Based on these parameters, the following shows the first sequence of the user experience.
In the second sequence, the user is then presented with some data points, introducing them further into the topic and its relevancy. In this section, each of the data point is presented as a gif.
In this component, the history behind loneliness and and its scientific explanation is explored using a combination and text and illustrations. I experimented by tying interactive illustrations with text as the user scrolls through the website.
Both the text and the illustration show different storylines but explain the same thing — something that a lot of editorial and conceptual illustrations aim to do. I worked with Lottie files to use my illustrations to speak to the text and vice-versa.
The third component of this project was a collaboration between PHD student Pranav Venkit and me.
In order to understand how people use social media to have conversations about mental health, we analyzed tweets with hashtags #depression and #mental health. Using these tweets, a variety of interesting trends were observed: from how people talk about their mental health to emerging topics related to mental health and depression.
All of the data was collected using Natural Language Processing: Tweets were extracted with the hashtags #depression and #mental health for specific periods and then run through different models to understand the sentiment and recurring trends in these topics.
The data was visualized using Flourish. The sub-topics that were explored using this data analysis are as the following:
The timings of the tweets were very revealing. Most of the tweets related to mental health were shared during the late nights and early morning - when people felt the most alone.

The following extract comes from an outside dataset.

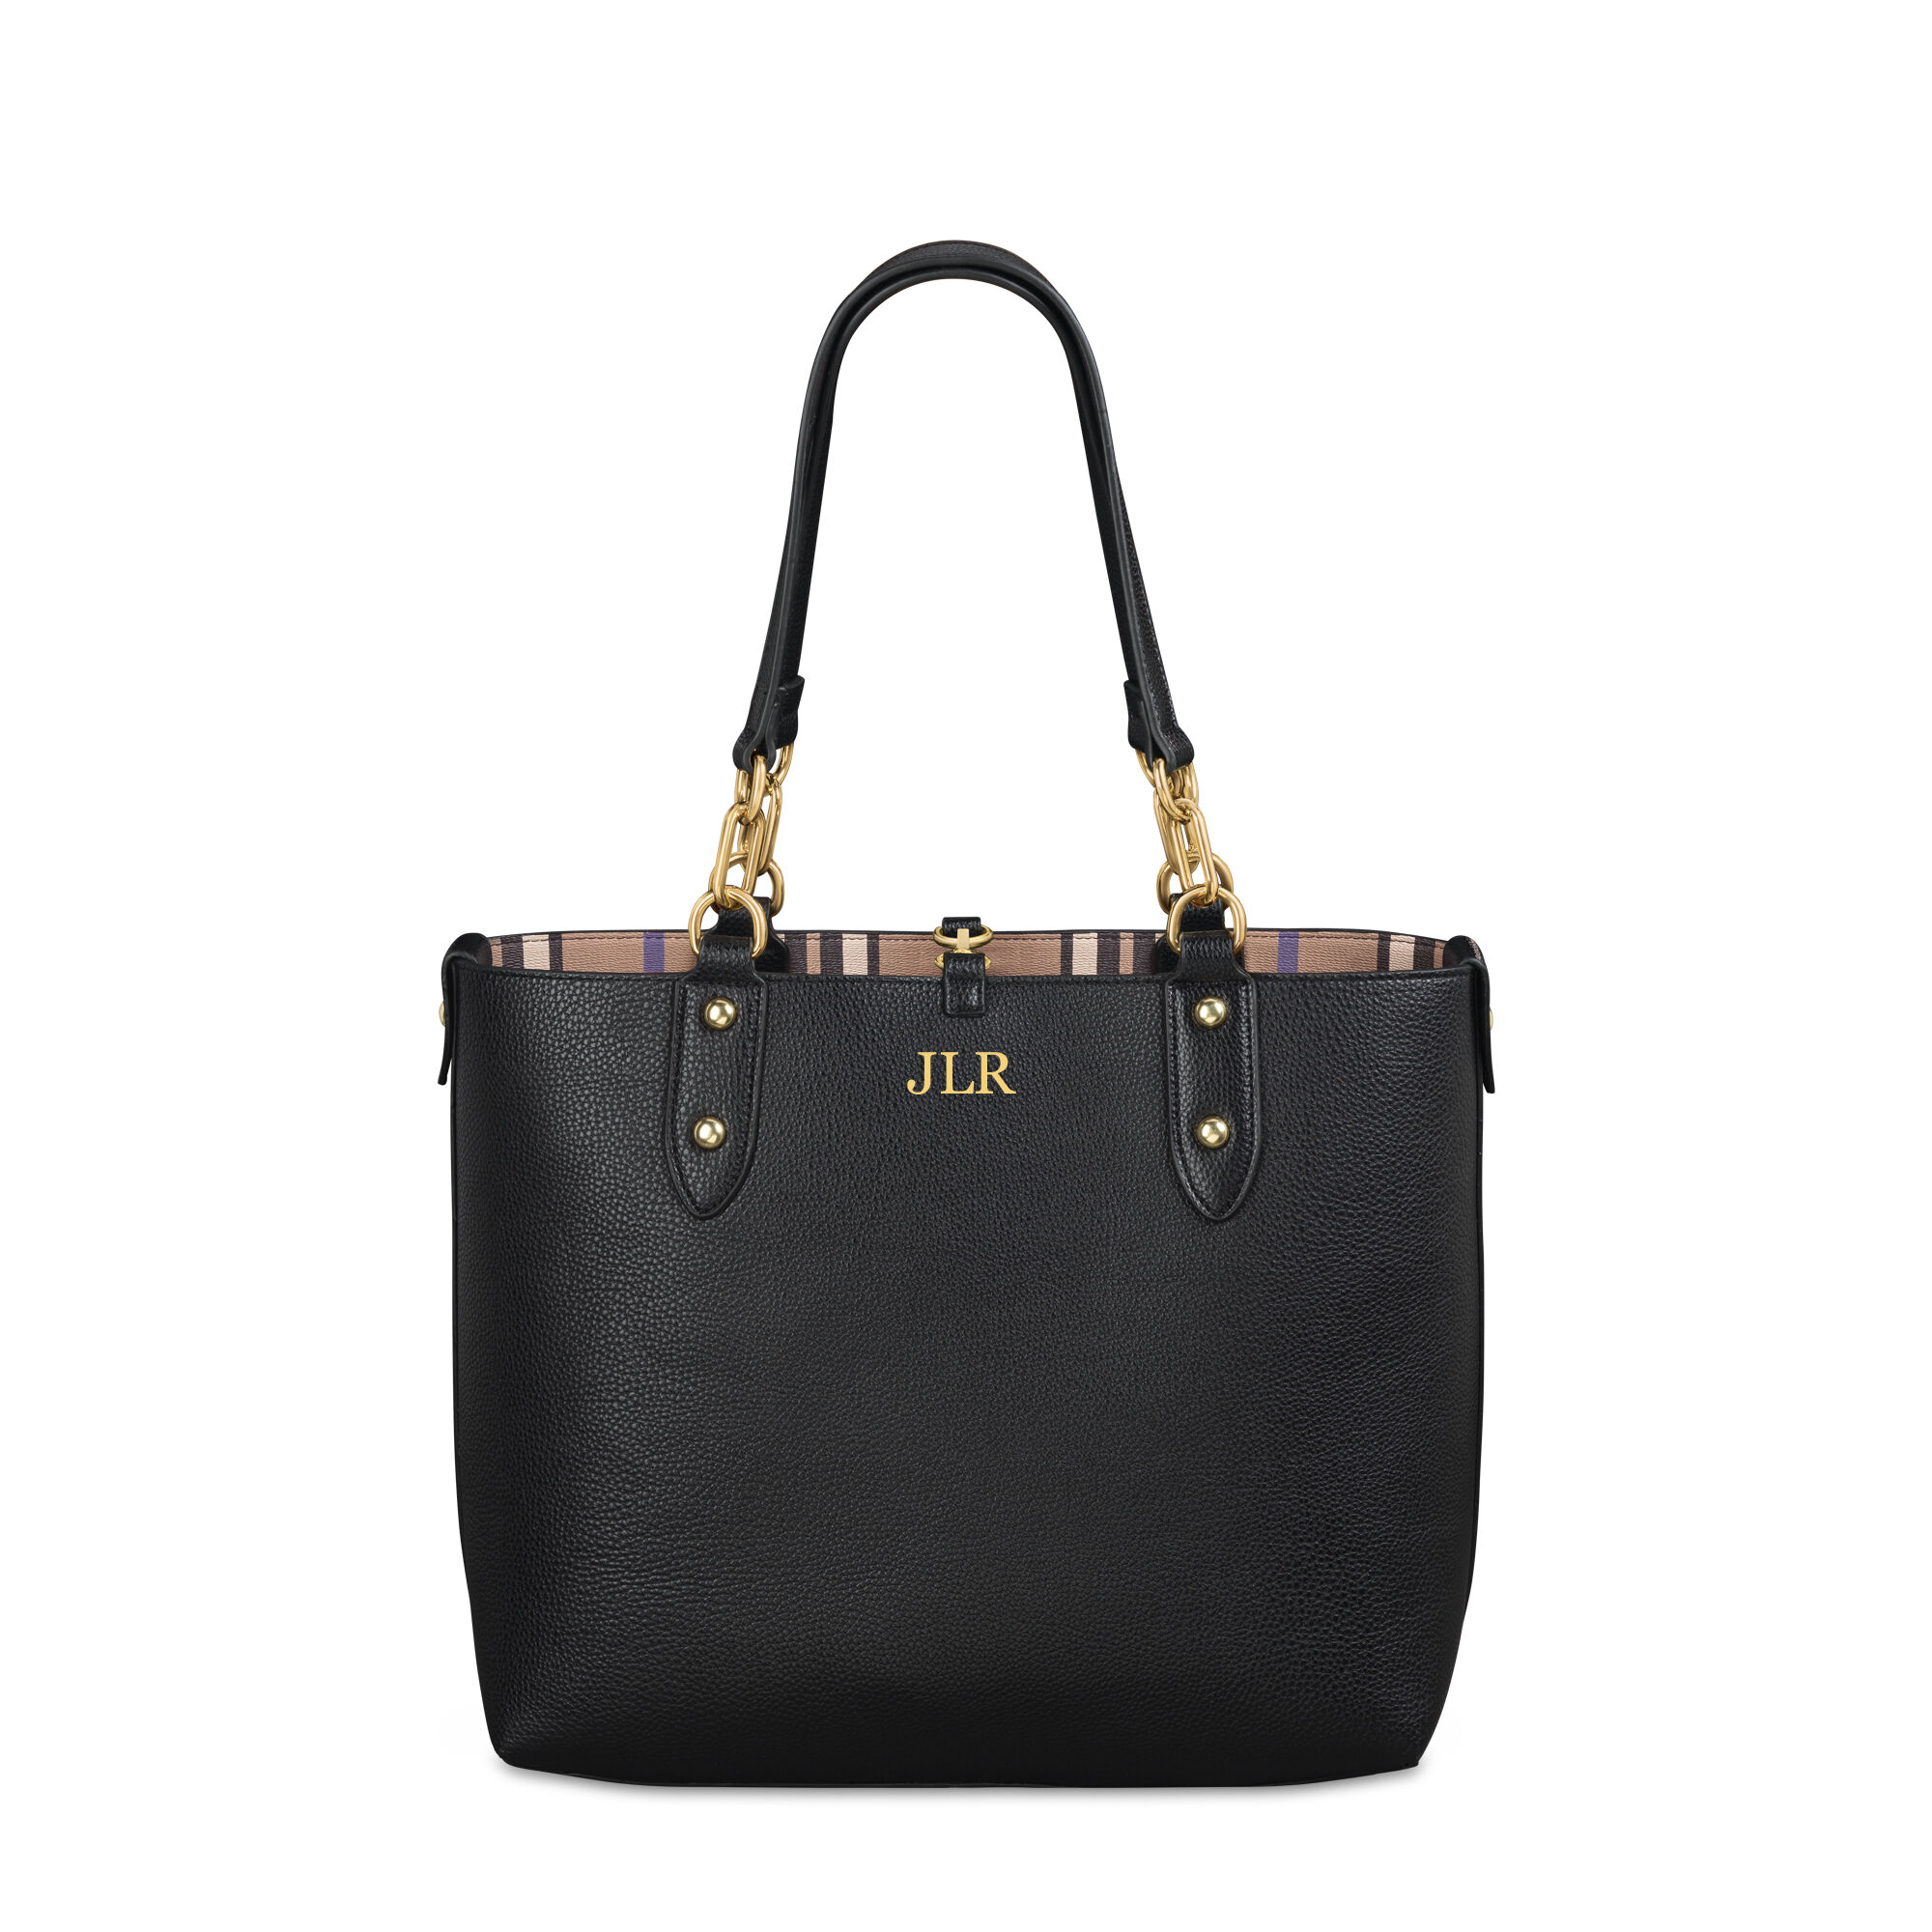 The Oxford Reversible Tote Bag 0052 0023 b handbag

Within the mental health framework, what we talked about was very important to understanding the current conversations we were having. Based on the analysis, we divided the data into nine subtopics.
The most number of tweets showed our need to share individual experiences with our communities.
We designed the interface such that each individual tweet can be read upon hover. (Note: we only analysed public tweets, so as to preserve privacy)
The data was thus plotted with respect to emotional categories. This gave a lot of insight into understanding the nuances of the emotional rollercoaster one feels when dealing with mental health issues. The data framework presented was made interactive - the user can click on different classes to understand the distribution of tweets better.
Using the data points categorized into emotions, we further sub categorized them with respect to social dimensions and belonging. Hovering over the colored dots will reveal the exact tweet.
Understand 'how' people talked was also important to identify the strategies people used to talk about while feeling vulnerable. For example, it was very interesting to note the use of satire and sarcasm while talking about one's own emotions.
The interactive framework allows you to see how the tweets group and regroup depending on tone of language.
In the final analysis, tweets were studied with respect to sentiment values using AI and NLP libraries trained on social media data.
75% of the tweets were given a negative sentiment score by the AI model.
The final component in the project was the interactive dashboard where users can input values and tags to categorize the data. This provides an exploratory approach to finding information allowing freedom to navigate the data set by themselves.
This was my final project presented as the graduation thesis during my MFA education in Graphic Design at Penn State University. This project explores the intricacies of mental health and the importance of having more conversations that approach the problem in a scientific and pragmatic way. This project allowed me to experiment with several different techniques to use data to craft and communicate a compelling story.
Along with being able to play with interactive story-telling and narrative techniques using new media, this project helped me learn how to combine multiple components in a project that work together as a system.